Confusion may arise when two unrelated ideas are mixed together in one sentence.

Sweeping Statements
These are statements that make use of faulty generalizations with the use of words as all,
always, never.

Use of Idioms and Figurative Language


The use of clinch in an effort to be colorful may lead to non-originality or a dead
language. What is worse is when it results in confusion and creates utter misunderstanding
between writer and reader.

Use of Context Clues


The cardinal word is: never define a word by using the same word or its cognates.
Certainly, you should avoid repetitions of the word being defined.

THE GOOD SENTENCE

A Unified Sentence
This is a sentence which has only one particular purpose. Whatever component parts a
sentence may have, everything results in only one particular intention or impression.
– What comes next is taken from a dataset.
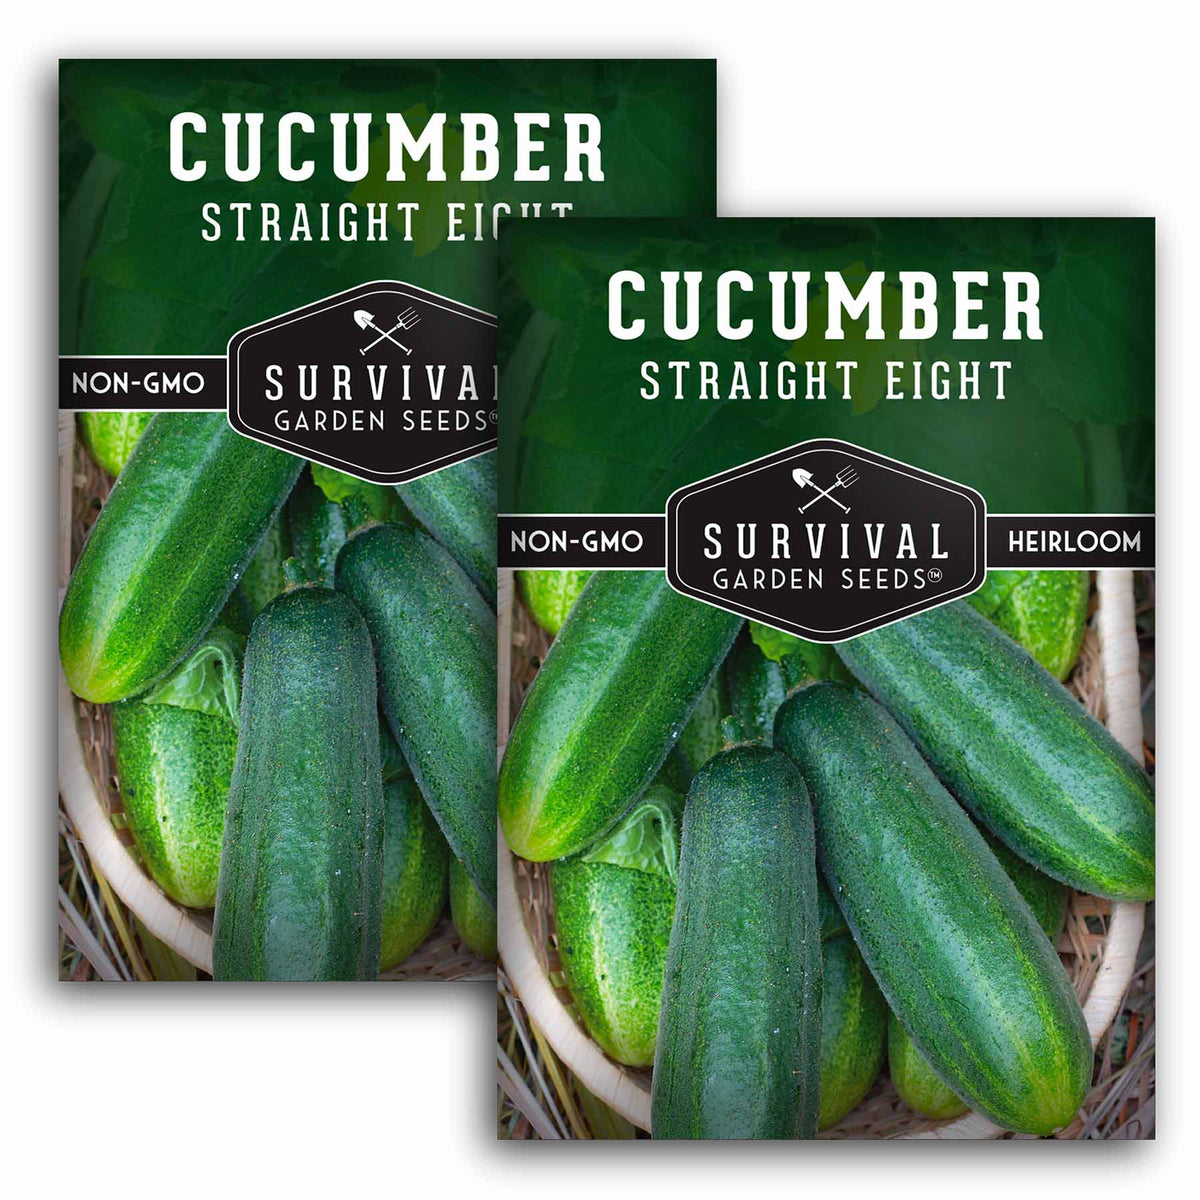 2 packets of Straight Eight Cucumber seeds
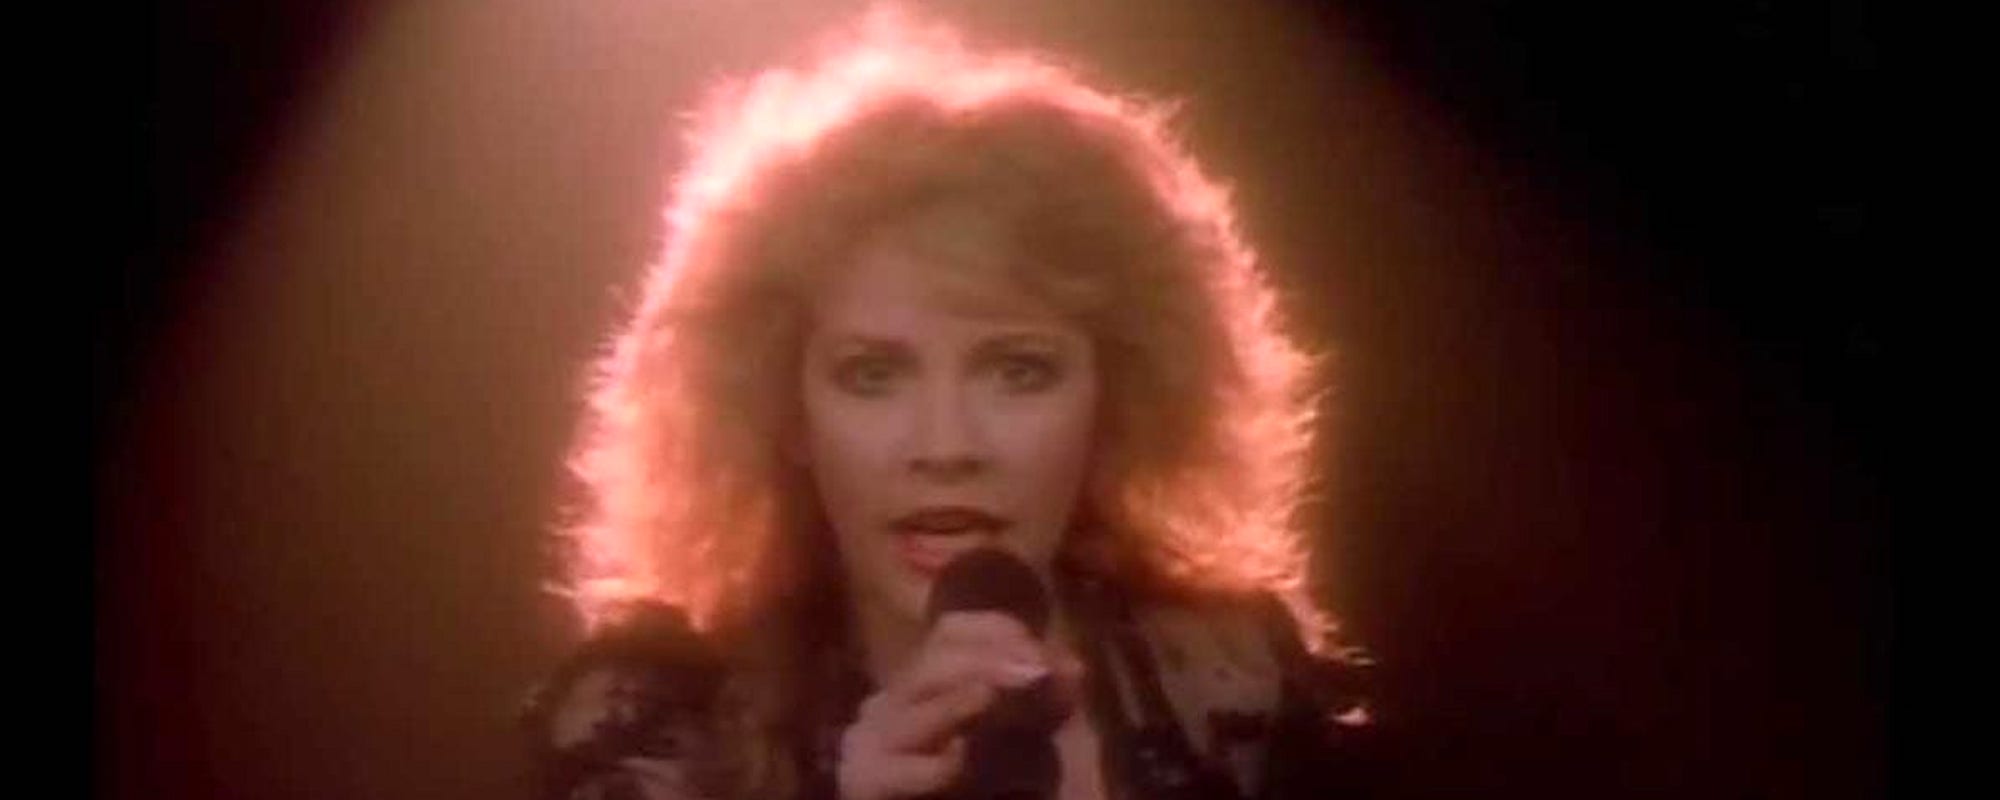 Behind the Song Lyrics: “Stand Back” by Stevie Nicks

With simple
sentences achieving unity may not be so difficult.
A Coherent Sentence
This means that a sentence should have all its component parts hold on to each other.
From word to word, phrase to phrase, clause to clause, between or among them, proper
relationships must always establish. Success in unity leads to coherence.

An Emphatic Sentence
Emphasis here means only one focus. Whatever units of thought a sentence may contain,
everything must be so properly tied to reflect only one developed thought.

An Accurate Sentence
Accuracy here refers to the sentence grammatical correctness according to standard
English yardstick. This calls again for agreement of subject and verb, of the verb tense and the
adverb of time, of pronoun and its antecedent and other pertinent considerations.

An Appropriate Sentence
A good speech requires appropriateness. So does a good sentence. This means speaking
or writing in sentences which consider well status, age, sex of the person talked to, and the
occasion, connection with appropriacy is that what may be taken as appropriate in one given
communication situation may not be so in another.

An Acceptable Sentence
It can be safely said that an appropriate sentence is likewise an acceptable sentence.